Corrélativement à cette posture, le malade est considéré en qualité de co-acteur du processus de soins, qui a un travail à faire et donc doit développer des compétences pour y parvenir. La prise en compte de ses temporalités propres est essentielle. Celles-ci sont liées à la fois aux contraintes et exigences de son existence et à la subjectivité des rapports établis avec sa maladie.

Le positionnement de l’ETP dans un cadre postural et culturel ne va pas de soi. Les modalités légales de son introduction dans les milieux hospitaliers ont pu contribuer à induire parfois une perception de l’ETP comme un ensemble d’activités supplémentaires, perception dont les services ont à se départir.

Les services abordent l’ETP selon des courants pédagogiques distincts, liés à l’état de la conceptualisation théorique au moment de son introduction dans le service. Ces courants sont de type transmissif pour les programmes de plus de dix ans, de type appropriatif pour les plus récents. Ainsi, la période à laquelle le programme a été mis en place a modélisé l’approche, et celle-ci s’est maintenue au fil du temps. Certains responsables en ont conscience et visent à faire évoluer le référentiel du service vers le type appropriatif.

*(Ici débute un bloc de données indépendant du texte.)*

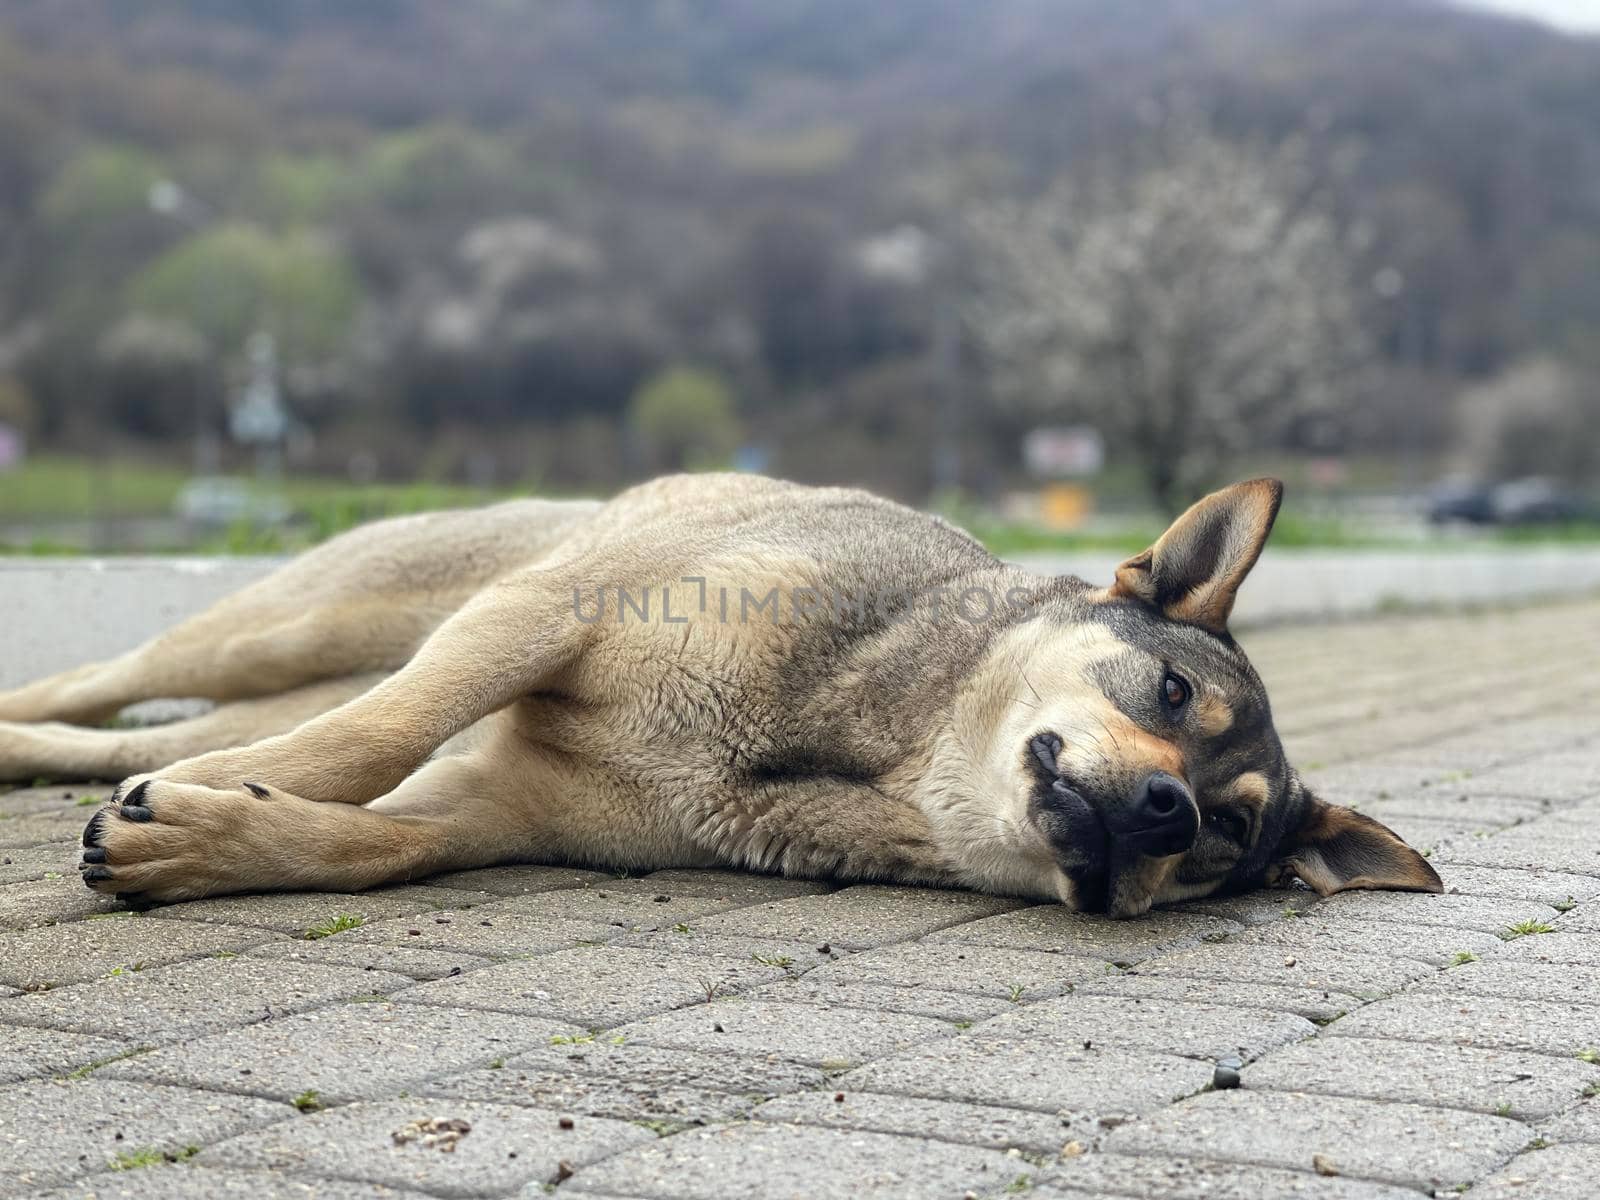 Close up of big dog lying on sidewalk. Cute domestic animal resting and looking away
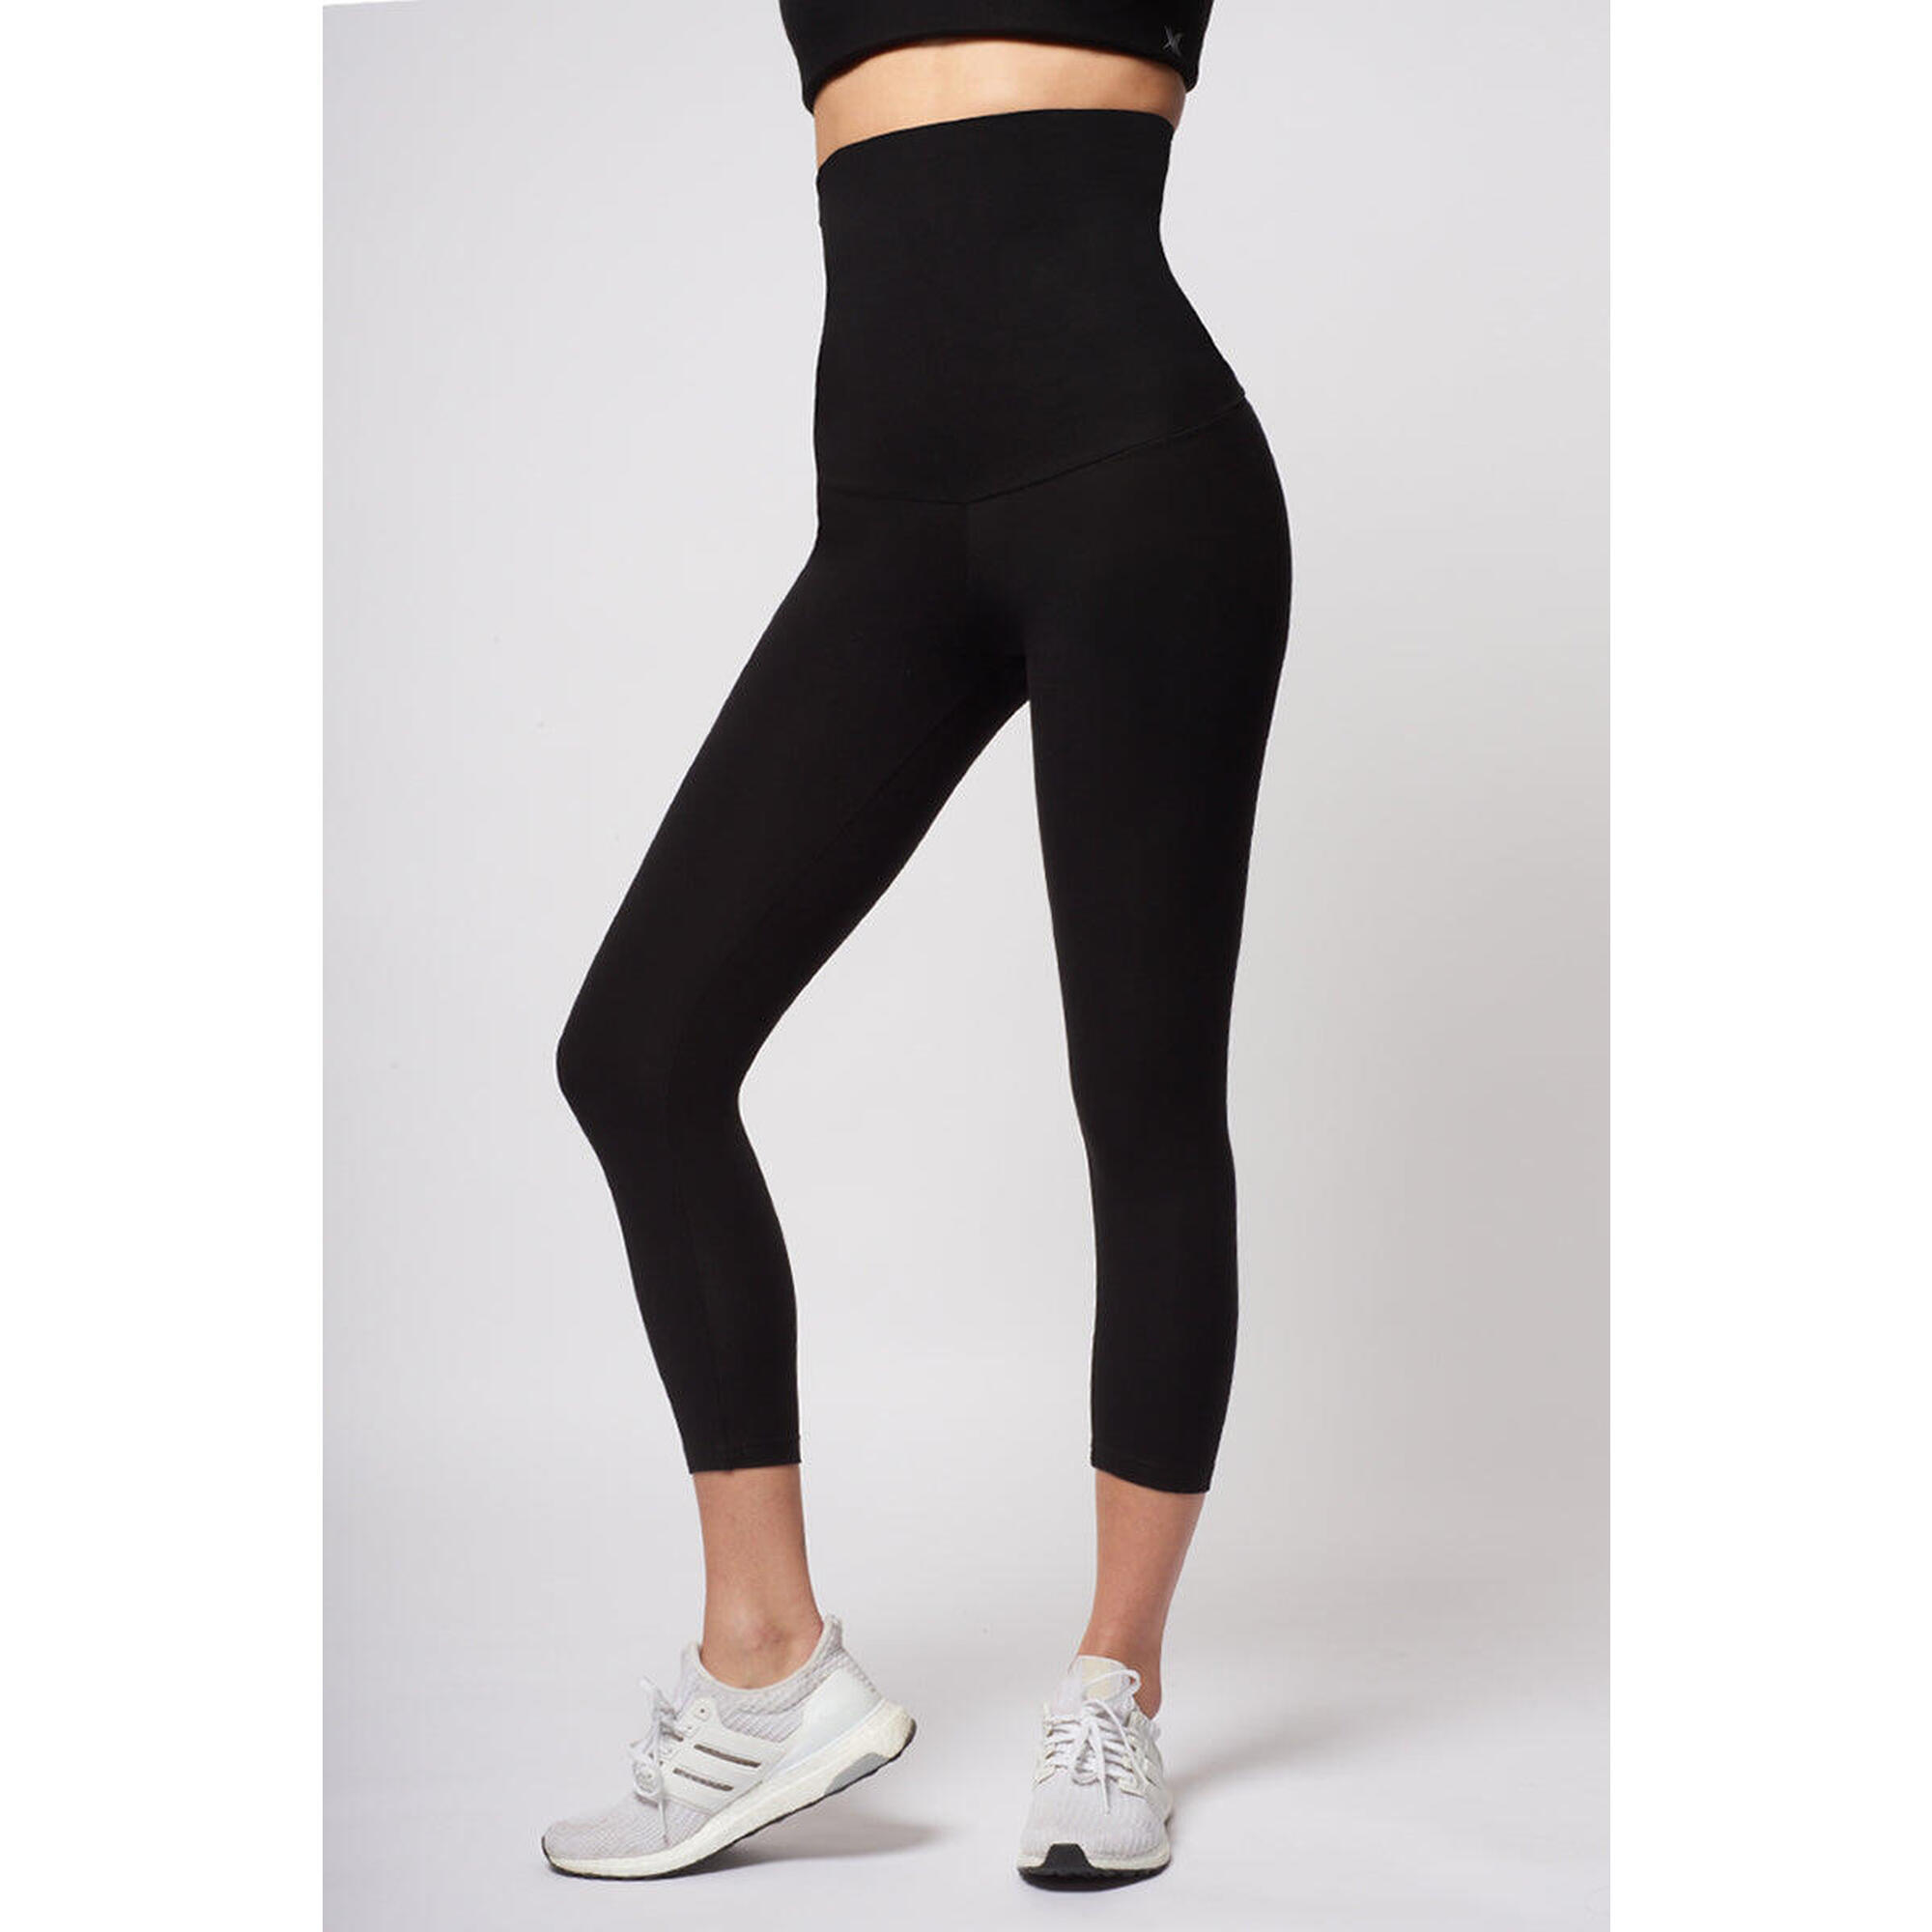 Extra Strong Compression Outer-Thigh Smoothing Leggings with Tummy

Les démarches ETP dans les services sont organisées de façons très diverses. Le plus souvent, elles ont en commun le fait que des paramédicaux motivés se trouvent à l’origine de la création d’un programme. Le soutien ou le portage par la hiérarchie facilite son développement et sa pérennité. C’est aussi, fait notable, une opportunité repérée de travaux pluridisciplinaires au sein de l’hôpital.

Des éléments ont été identifiés pour faciliter une structuration stable de l’ETP : clarification des critères d’inclusion des malades dans le programme, identification des moments et des lieux favorables à ces pratiques, stabilisation des pratiques communes, notamment au travers de réunions transdisciplinaires et de séances d’analyse des pratiques.

La robustesse et la pérennité du dispositif ETP apparaissent comme un enjeu majeur. En effet, dans plusieurs services, des phases de rupture ou de fort affaiblissement des pratiques sont survenues suite, notamment, au départ du référent ETP ou des personnes qui en ont la charge, ou encore au manque de personnels formés. Les difficultés d’effectifs de personnels sont en lien direct avec cette problématique. Au cours de la recherche, certains services ont développé un ensemble de mesures qui sont autant de pistes favorables à la consistance du dispositif sur la durée. L’usage d’outils en support, i.e. d’un cadre formalisé par écrit et de documents d’aide, mais qui ne se substituent pas aux formations des personnels, est également d’une grande pertinence.

Les développements des pratiques d’ETP s’accompagnent sur les plans individuel et collectif de transformations identitaires. Pour chaque soignant, l’identité professionnelle s’établit par un processus biographique, l’identité pour soi, et par un processus relationnel, l’identité pour autrui. La convergence des deux processus permet au soignant de traverser les processus de transformation de son identité professionnelle de façon cohérente et valorisante. A l’inverse la non reconnaissance par autrui de cette orientation identitaire entraîne des difficultés importantes pour le soignant, voire un phénomène de rupture avec son lieu professionnel. Cela se traduit alors par le départ du service, ou de l’hôpital.

Il est aussi à signaler que cette transformation identitaire se fait par rapport à un ou des groupes de référence. Pour un médecin, la position de la communauté médicale, notamment de sa discipline, est un facteur non négligeable.